The first issue when applying the decaying averaging method is the choice of the decaying weight w.
Different w’s had been chosen and tested. Figure 2 shows some of the decaying weight sensitivity test results.
Among the six curves in Fig. 2, the curve OPR_OPT is for the calibrated NCEP/GEFS result using dependent data and the curve OPR_RAW is for the raw NCEP ensemble forecast.
The other four curves (OPR_RUN_DAV2%, OPR_RUN_DAV1%, OPR_RUN_DAV0.5%, and OPR_RUN_DAV0.25%) are for the RPSSs of 500-hPa geopotential height that are averaged from 1 March
2004 to 28 February 2005 for the Northern Hemisphere with decaying weights of 2%, 1%, 0.5%, and 0.25%, respectively.
All four calibrated ensembles show improvements compared with the raw ensemble OPR_RAW for all lead times.
There is little room for further improvement compared with the OPR_OPT test for short lead times until day 4.
Though the four curves are close together, for short lead times OPR_DAV2% is better than the other decaying weights.
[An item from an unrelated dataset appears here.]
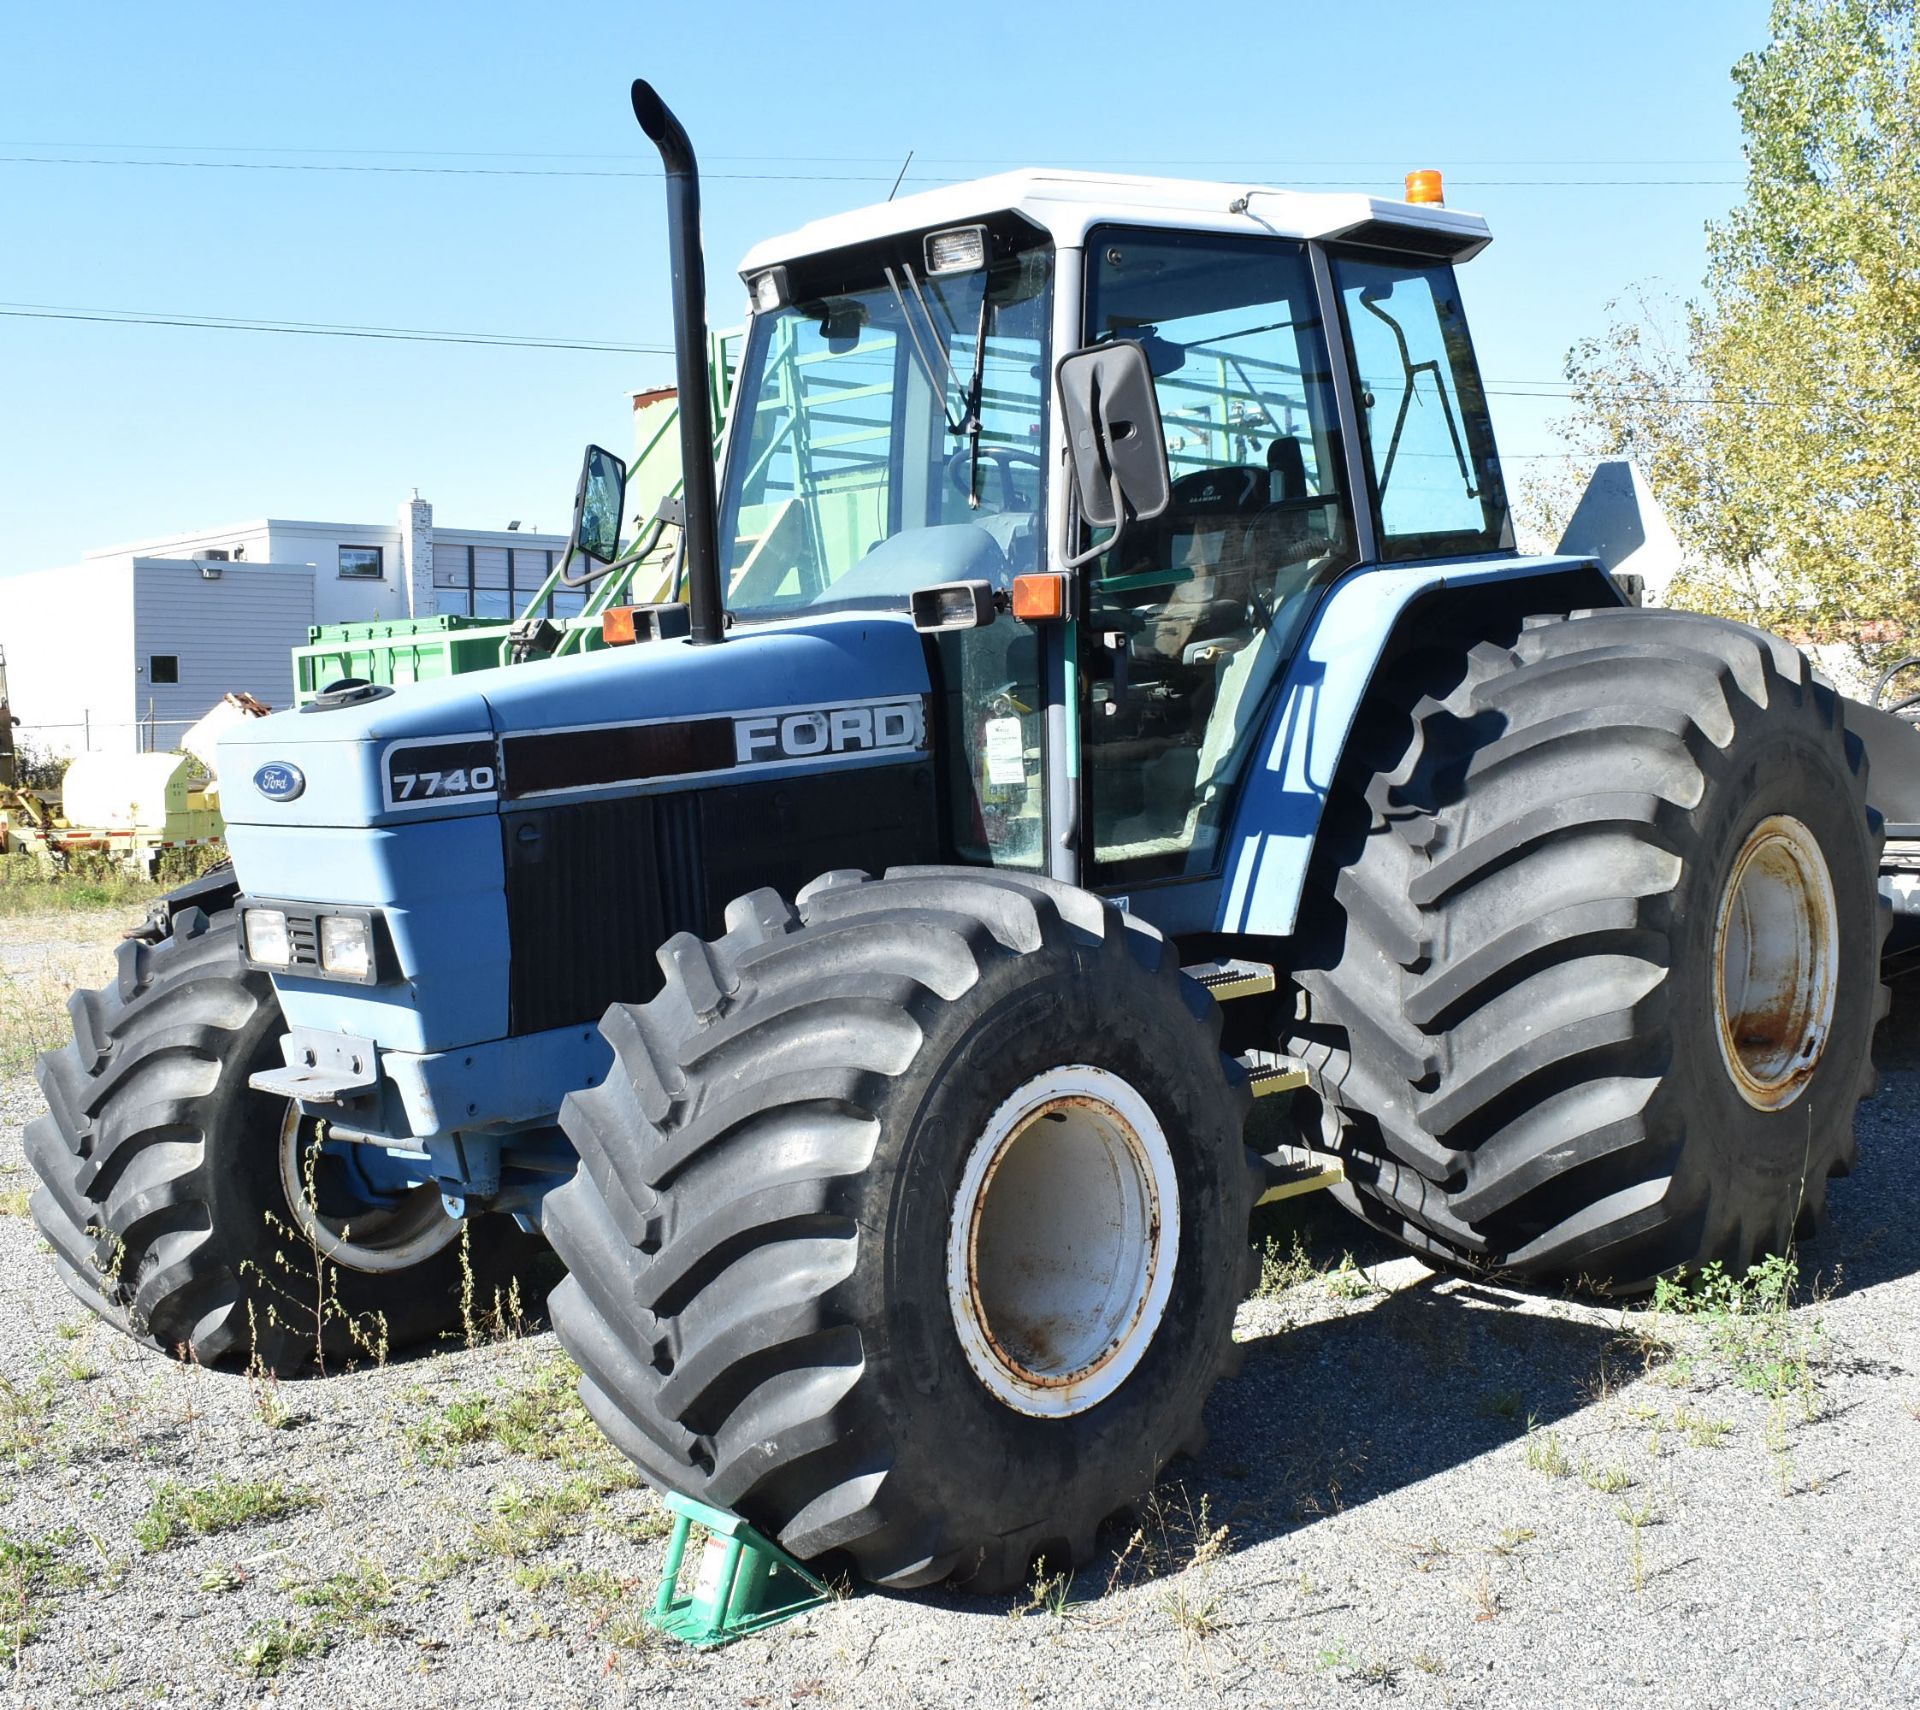 FORD 7740 ROW-CROP TRACTOR WITH FORD 5.0L 4 CYLINDER DIESEL ENGINE, CLIMATE CONTROL, AM/FM RADIO - Image 2 of 9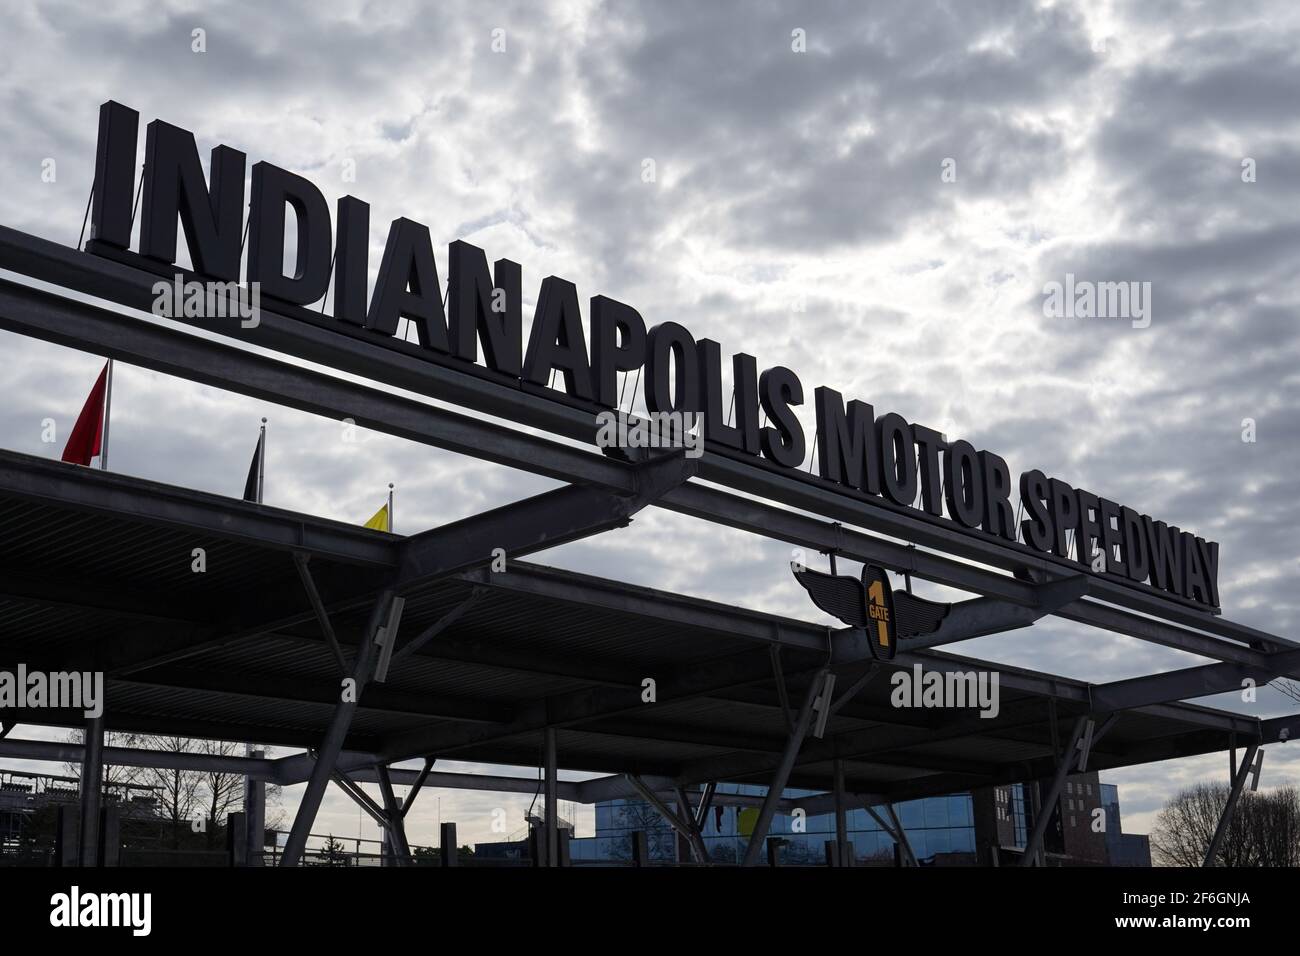 A general view of the Indianapolis Motor Speedway entrance, Monday, March 22, 2021, in Speedway, Ind. It is the home of the Indianapolis 500 and the B Stock Photo

On the other hand, OPR_DAV0.25% is the best for week-2 forecasts. Other statistics are calculated that show the 2% ensemble produces large improvements in ROC and BSS scores over the Northern and Southern Hemispheres.
The improvement of these scores in summer is more significant than in spring. A higher decaying weight (10%) is also investigated and compared with 2%.
The choice of a 10% weight works better for the tropics compared to 1% or 2%. In general, the 2% weight works better for most regions and seasons (not shown).
For an optimal result, the decaying accumulated bias with a 2% weight is used in operations and is updated every day for all 35 selected variables.